Freshwater contaminants predominantly originate from construction, maintenance, production activities, and erosion [52,53,54]. Trace metals and alteration of water temperature, pH, conductivity, and dissolved oxygen gradients are of particular concern [52,55]. Dragonflies are variably sensitive to these characteristics and their occupancy is determined by physicochemical gradients (Figure 1) [56]. While highly polluted urban waterbodies function as ecological traps for dragonflies, some adult dragonflies are able to assess physicochemical properties of aquatic habitats and may avoid breeding in them [57]. Sensitive species may be killed by pollutants and, with less competition, tolerant species may dominate [58,59]. Some widespread species, such as Ischnura senegalensis, are adapted to breed in ponds and slow-moving water channels engineered by hippos, and where defecation takes place. These damselflies are therefore predisposed to occupy organically polluted urban water bodies.
Other less obvious impacts of urbanization, such as excessive artificial lighting, may also have an indirect impact on dragonflies (Figure 1). Some dragonfly species may be attracted to artificial lighting sources [60], especially in the case of certain crepuscular species such as those in the genus Gynacantha. Artificial lighting may interfere with dragonfly dispersal, and also function as ecological traps through increasing encounter rates with insectivorous predators [61].
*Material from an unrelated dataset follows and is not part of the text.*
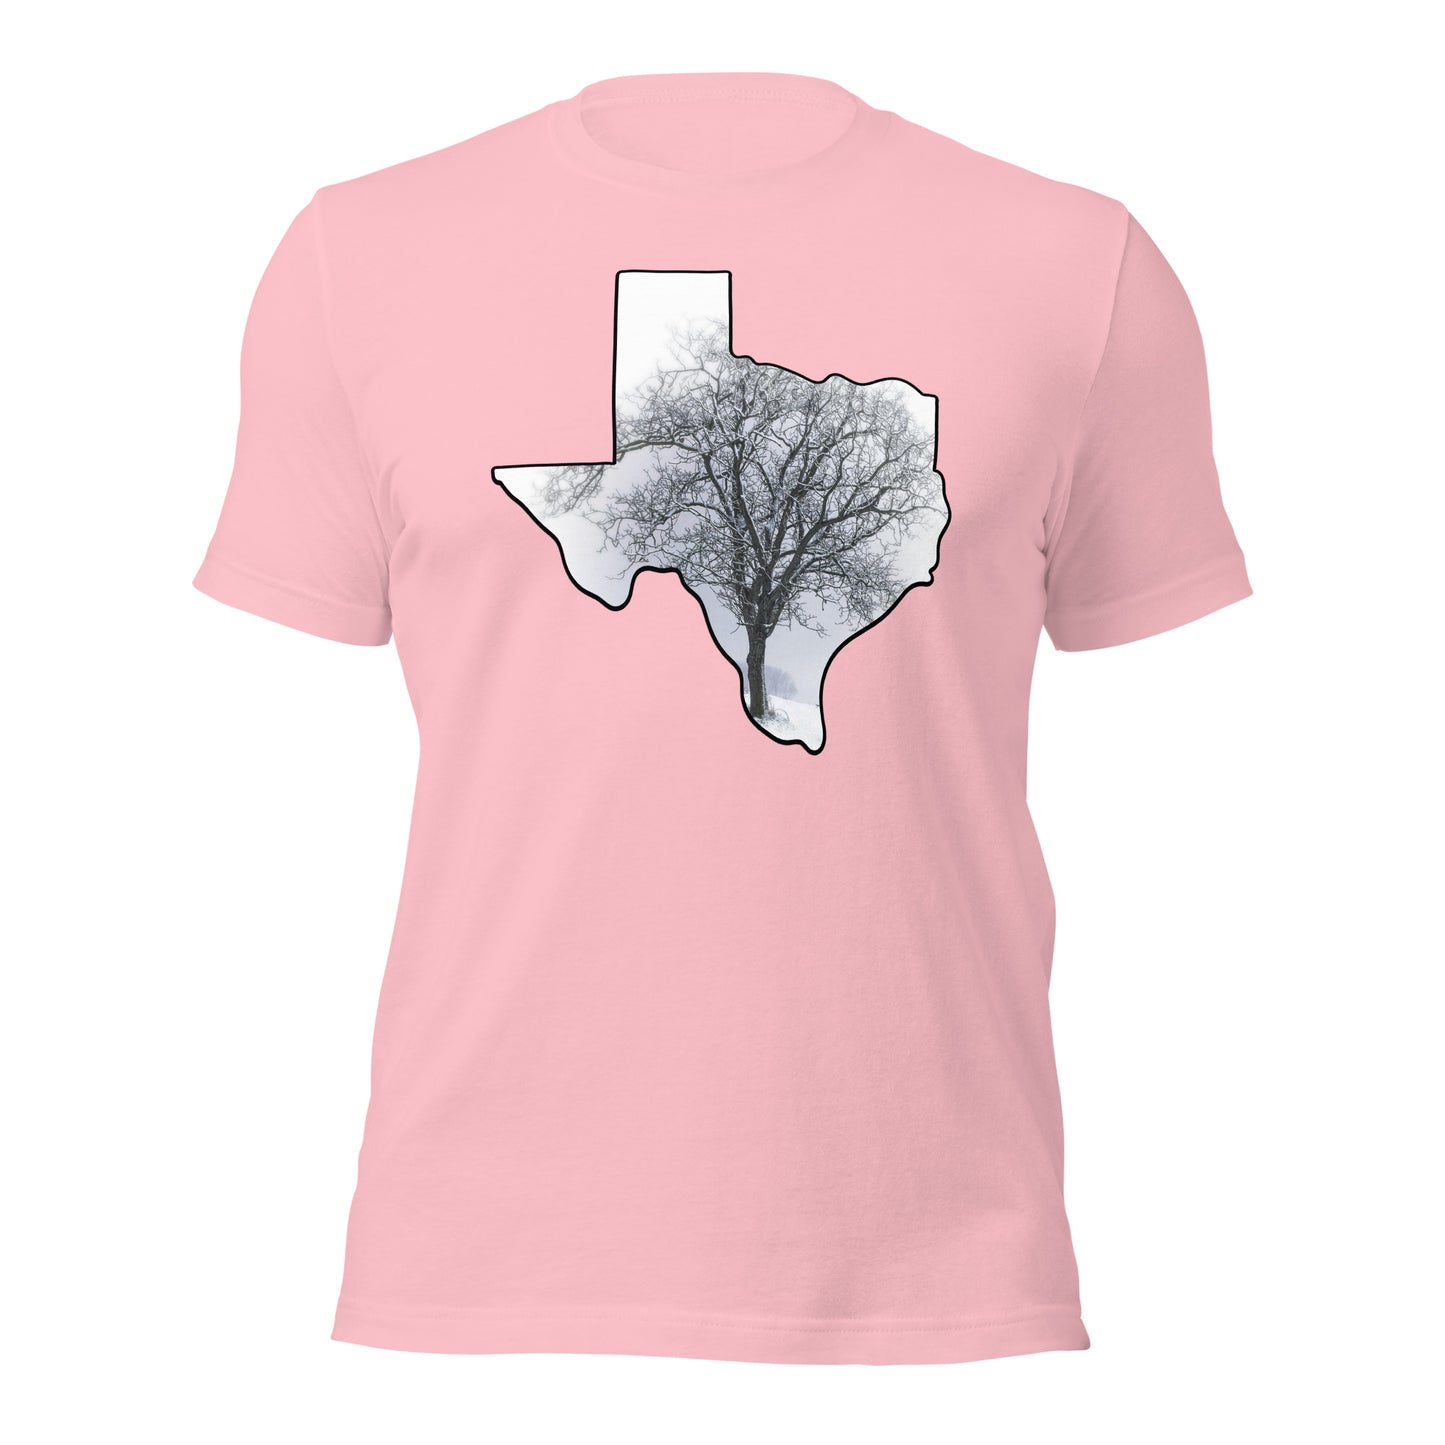 Unisex Texas T-shirt, Texas Shirt, Texas Tee, Texas Tshirt, Tshirts for Women, Texas Gift Shirt, Tshirts for Men, State Shirt

Potential urban impacts on dragonflies and other aquatic macroinvertebrates vary with context. For instance, a comparison of urban and rural ponds in the United Kingdom showed that macroinvertebrate assemblage composition varied among pond types, and urban ponds made an equal contribution to regional diversity as rural ponds [62]. Conversely, a long-term comparison between urban stormwater ponds and natural ponds in Canada showed that anisopteran species richness and abundance, and zygopteran abundance, were lower for stormwater ponds, suggesting that urban ponds have little added value in this particular regional context [63]. In South Africa, a comparison between agricultural and urban rivers showed that agricultural and urban land use changes have similar effects on total dragonfly species richness, endemic dragonfly species richness, and zygopteran species richness alone, but not anisopteran species richness [64]. These results suggest that agricultural and urban land use change equally contribute to overall biotic homogenization, but the two dragonfly suborders may respond differently to various types of disturbances.
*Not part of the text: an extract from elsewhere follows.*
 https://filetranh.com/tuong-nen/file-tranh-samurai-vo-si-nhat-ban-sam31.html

3. Opportunities for Dragonflies in Urban Areas

As much as 80% of land may be covered by hard surfaces in city centers [65], and a rising skyline strongly limits the movement of individuals. Urban green spaces, such as parks, gardens, cemeteries and nature reserves, are fragmented habitat patches in an otherwise inhospitable matrix. These urban green spaces are no substitute for wild areas, but they play an important role as refuges and supplementary habitats, both for widespread species and those of high conservation concern (Figure 2) [5]. Although urban green spaces are potential sites for alien vegetation colonization, this can be circumvented by establishing native vegetation that improves functional connectivity for insect populations [24,39]. Biotope requirements are highly variable among dragonfly species [66] and size, quality and connectivity of urban green spaces are essential for maintaining dragonfly assemblages. Most zygopterans require only 50–300 m of favorable environment around their central habitats [67], while certain anisoperans, such as Sympetrum depressiusculum, require foraging areas of about 0.5–1 km around their natal habitats [68]. In turn, highly mobile and migratory species such as Pantala flavescens may fly over oceans in search of breeding habitats.
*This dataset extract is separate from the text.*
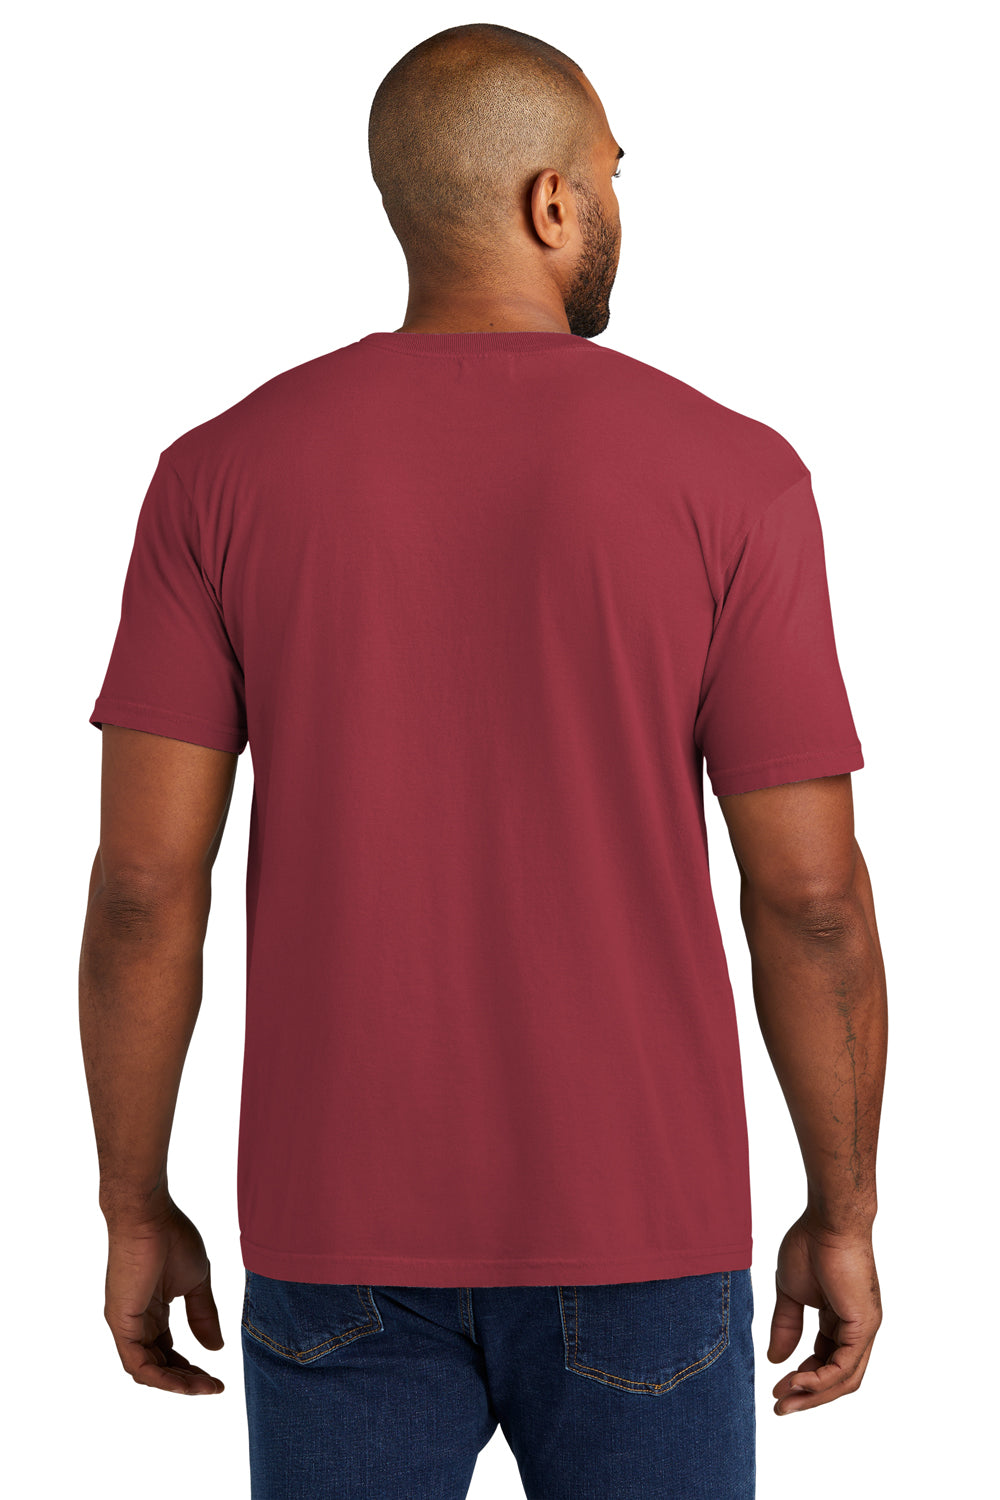 Comfort Colors Mens Short Sleeve Crewneck T-Shirt w/ Pocket Chili Red Back

Both natural and artificial freshwater habitats are often abundant in urban green spaces (Figure 2) [69]. Although wetlands today are valued for their aesthetics and richness of biodiversity, in past centuries they were considered as miasmatic breeding sites for disease vectors. Health issues aside, urban wetland habitats, whether natural or artificial, can be of high value for aquatic insects, while simultaneously increasing conservation awareness.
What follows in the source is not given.